Reading Time: 3 minutesI’ll start with a little backstory, if you want to jump straight to the meat, skip the next 4 paragraphs.
In the past few months, my CSS research has been getting some attention and I’ve been starting to become somewhat well-known in the CSS industry. A little known fact about me is that JavaScript has always been one of my loves, almost as much as CSS (even more than it in the past). Ironically, the first time I was asked to speak in a big conference, it was about JavaScript, even though I ended up choosing to speak about CSS3 instead.
Lately, I’ve started wanting to get more into the JavaScript industry as well. I’m quite reluctant to submit speaking proposals myself (every conference or meetup I’ve given a talk so far has asked me to speak, not the other way around) and most JavaScript conferences expect you to submit a proposal yourself. I also couldn’t think of a good topic, something I was passionate about and hasn’t already been extensively covered.
This changed a few weeks ago. While I was writing my <progress> polyfill, it dawned on me: Polyfills is something that’s JS-related and I’m passionate about! I love studying them, writing them, talking about them. I quickly searched if there were any talks about polyfill writing already and I couldn’t find any. So, I decided to submit a proposal to JSConf EU, even though the call for speakers had passed 10 days ago. When I read @cramforce’s tweet that they had decided on most of the speakers, I spent a few days stressed as hell, checking my inbox every few minutes and hoping that my gut feeling that I would get accepted was right.
And it was! 3 days ago I received an email from JSConf EU that my proposal was accepted!! I can’t even begin to describe how happy and excited I am about it. And nervous too: What if they know everything I’m going to say? What if they hate my talk? What if the JavaScript industry is really as sexist as some people claim and they dismiss me because of my gender? I decided to put my fears aside and start working on my slides, as I couldn’t wait until later (even though I have multiple deadlines creeping up on me right now…).
A big part of writing polyfills is feature detection. Before trying to implement a feature with JavaScript, you first have to check if it’s already supported. So, a substantial portion of my talk will be about that. How to detect if APIs, HTML elements, CSS properties/values/selectors etc are supported. There are already established solutions and techniques about most of these, except CSS selectors. Modernizr doesn’t detect any, and judging from my Google search nobody has written about any techniques for doing so in a generic fashion.

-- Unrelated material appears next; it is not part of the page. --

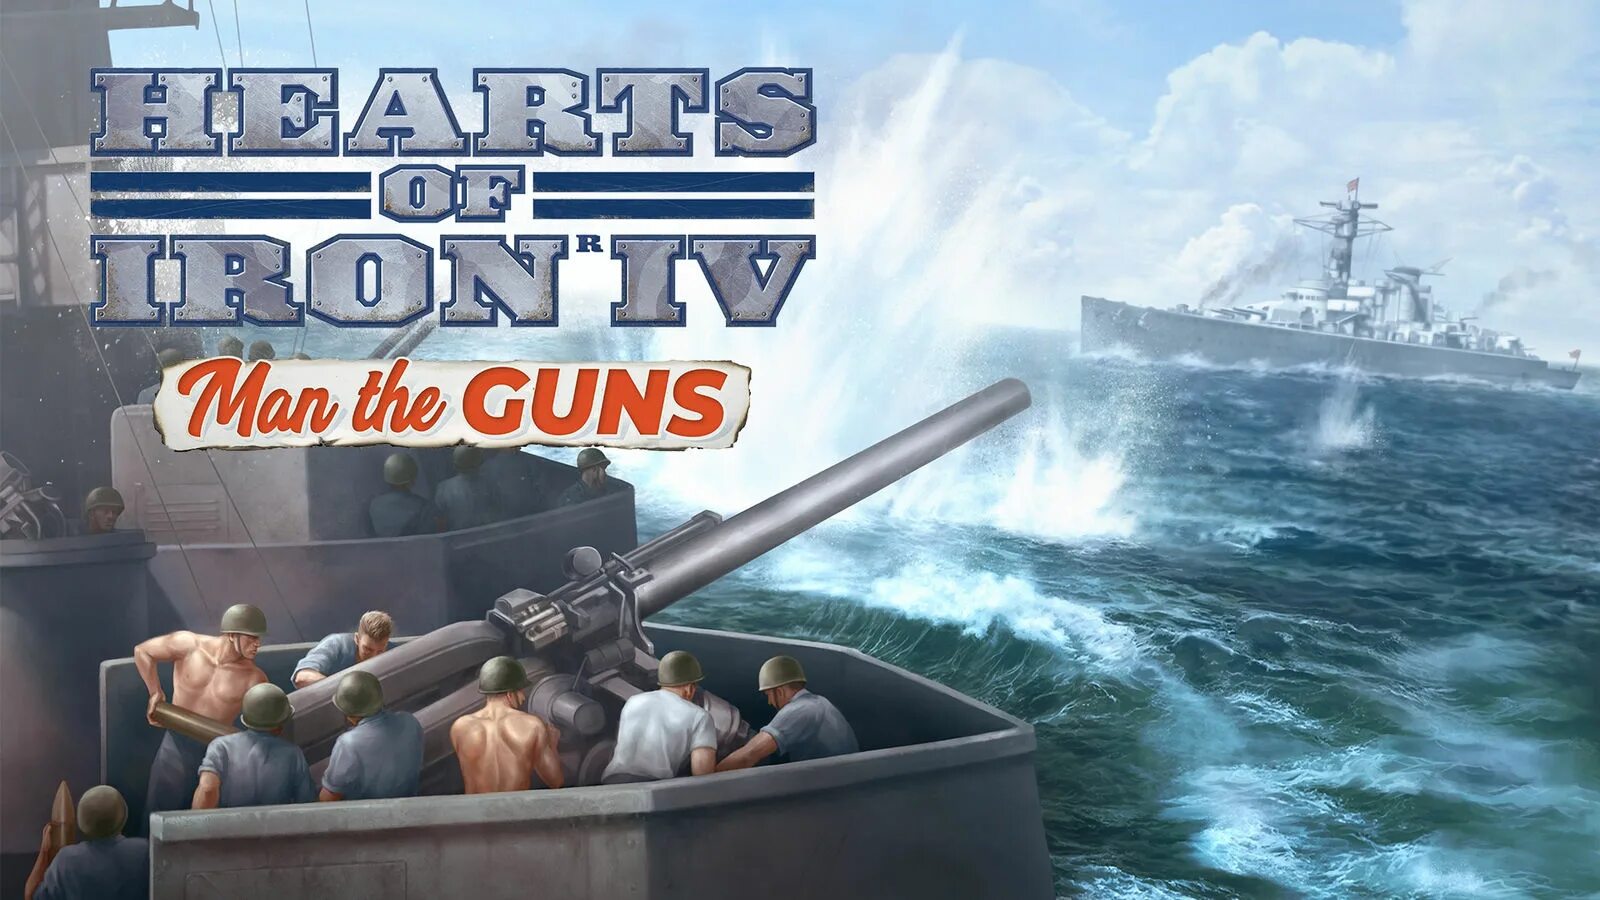 Man the guns. Hearts of Iron IV: Cadet Edition. Expansion - Hearts of Iron IV: together for Victory. Hoi4 waking the Tiger Wallpapers.

A really simple way to detect CSS selectors support is using document.querySelector()
in a try...catch
statement. If the selector is not supported, an error will be thrown. However, that’s not really reliable, as the Selectors API is not supported in IE < 8. So, I thought of another idea: What if I turn the hassle of reading out a stylesheet via the DOM methods (browsers drop stuff they don’t understand) into a feature detection method?
The basic idea is creating a new <style>
element with an empty rule and the selector we want to test support for, and then read out the stylesheet through the DOM methods to see if a rule actually exists. I’ve so far tested it in Firefox, Opera and Chrome and it seems to work. I haven’t tested it in IE yet, as I currently have too many apps running to turn on the vm, so it might need a few fixes to work there (or I might be unlucky and the idea might not work at all).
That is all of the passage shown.